Edmond Elijah Jensen, Appellant, v. United States of America, Appellee, 403 F.2d 1018 (9th Cir. 1968)Annotate this Case
Norman J. Kaplan, Los Angeles, Cal., for appellant.
Wm. Matthew Byrne, U. S. Atty., Los Angeles, Cal., for the United States.
Before BARNES and HAMLEY, Circuit Judges, and McNICHOLS* , District Judge.
BARNES, Circuit Judge:
Jensen and codefendant Smith were tried in six counts on charges of: (1) concealing, (2) selling and (3) selling without a Treasury form, two separate amounts of heroin — first on February 28, 1967 and second on March 8, 1967.
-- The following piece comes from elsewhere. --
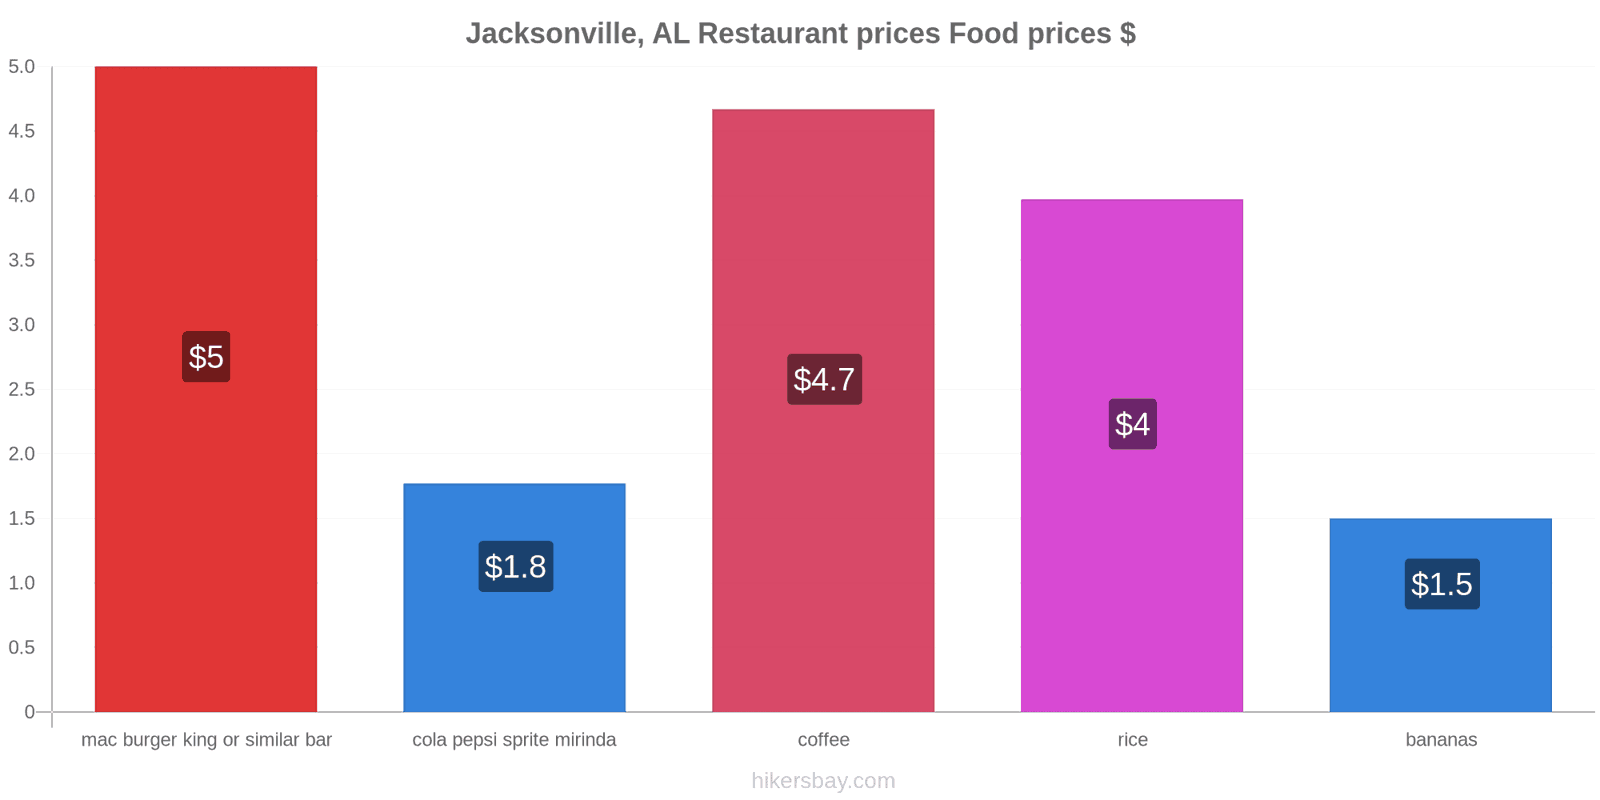 Jacksonville, AL price changes hikersbay.com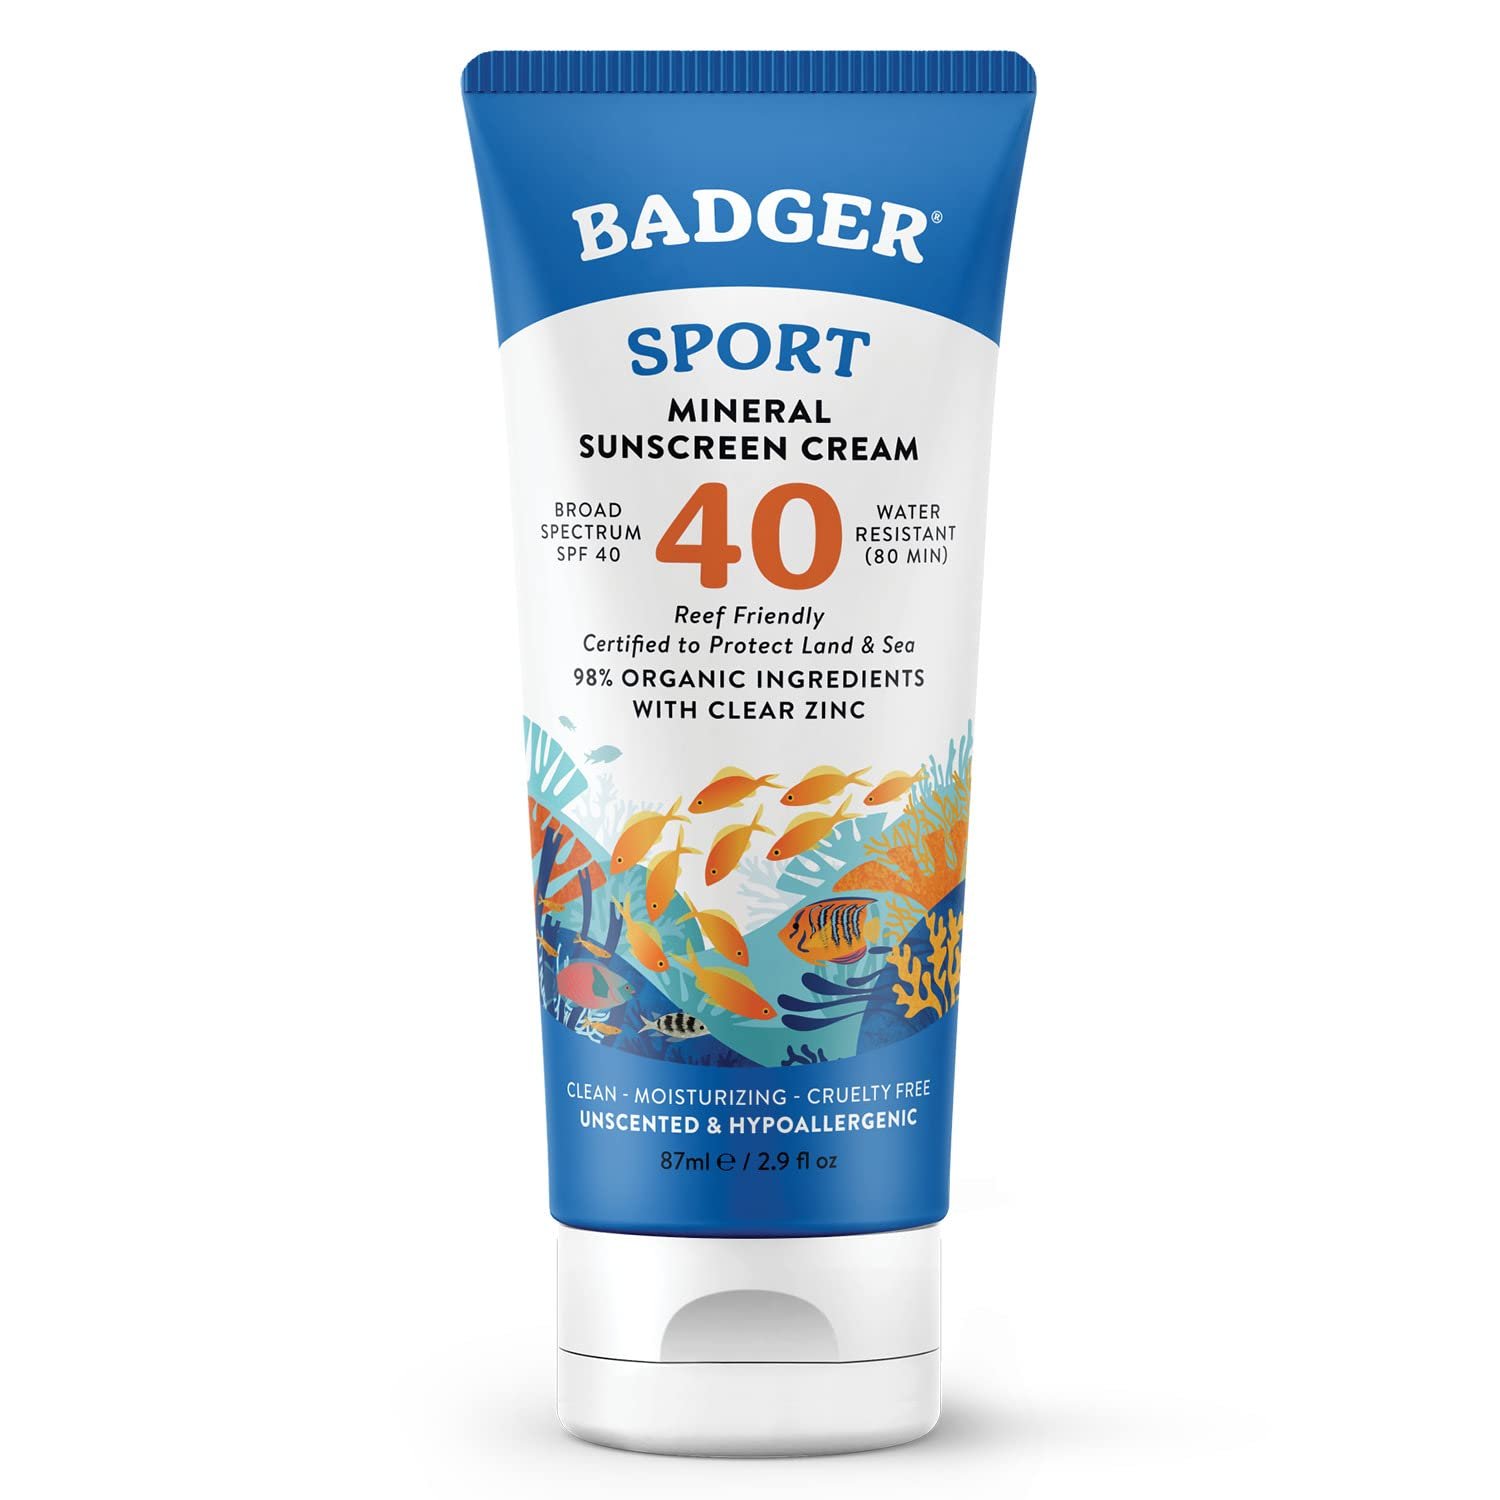 Badger sport sunscreen

On each occasion there was proof from the Government agent that shortly before defendant Smith delivered the respective heroin to a government informer, he (Smith) had contacted a person using a gray Hillman auto.1
Smith got into the Hillman auto with Jensen on February 28, 1967 and talked to Jensen outside the Hillman auto on March 8, 1967. Smith returned directly to the government agent with the heroin after leaving the Hillman auto on February 28, 1967; and returned to the government agent with the heroin after going from the Hillman auto to a rest room, and then to the agent, on March 8, 1967.
There was no direct testimony Jensen ever was seen with heroin in his possession; nor of any transfer or delivery of anything by Jensen to Smith, or anyone else. The Hillman auto was licensed to a third person. No money — marked or unmarked — was ever proved passed to Jensen, or to anyone on his behalf.
There was evidence of statements allegedly made by Smith, involving and incriminating Jensen, but this was hearsay as to Jensen. Proper and timely objections were made on behalf of Jensen to such evidence, and the objections properly sustained by the trial judge as to Jensen.
In our opinion, Jensen may very well have been involved in these transactions, but there was no competent evidence to prove that anyone other than Smith had ever had possession, either actual or constructive, of the heroin sold and concealed on February 28, 1967 and March 8, 1967. Smith was never searched before his contact with Jensen. There was no testimony showing Jensen "had touched, possessed, sold, or conspired to sell narcotics, * * * or received, used, passed or touched any money used in the transaction [s]" of February 28, 1967 and March 8, 1967. Ong Way Jong v. United States, 245 F.2d 392 (9th Cir. 1957).
We do not believe reasonable minds could find that the evidence excludes every hypothesis but that of guilt. Kaplan v. United States, 329 F.2d 561 (9th Cir. 1964); United States v. Saunders, 325 F.2d 840 (6th Cir. 1964). Cf. Panci v. United States, 256 F.2d 308 (5th Cir. 1958); United States v. Rossi, 219 F.2d 612 (2d Cir. 1955).
As an example, from the evidence before the court, Smith could have procured the heroin elsewhere, and so conducted the sale by contacting Jensen as to make him appear to be the supplier.
The only incriminating evidence against Jensen is that he was in contact with Smith on two occasions shortly before each sale from Smith to the federal agent. We can surmise — we can conjecture — but we cannot find substantial proof either of sale or possession by Jensen.
Without any proof of possession in Jensen, the Government cannot rely on the presumption Jensen knew the heroin purchased from Smith was imported or brought into the United States contrary to law — an essential element of 21 U.S. C. § 174, and counts 4, 5, 7 and 8 of the current indictment.
Nor is there any satisfactory proof of sale by Jensen of narcotics, either with or without a written order on a form issued by the Secretary of the Treasury of the United States.
The conviction of defendant Jensen on all six counts is reversed, and the matter is remanded with instructions to dismiss the indictments as to Jensen.
Hon. Ray McNichols, District Judge, United States District Court, Boise, Idaho, sitting by designation
On February 27, 1967, defendant Smith had endeavored to effect a purchase, and a white car had driven by, but no sale was made. One of the agents was "quite sure" the driver of the white auto was defendant Jensen, but later stated he "could be in error" and he was "not certain."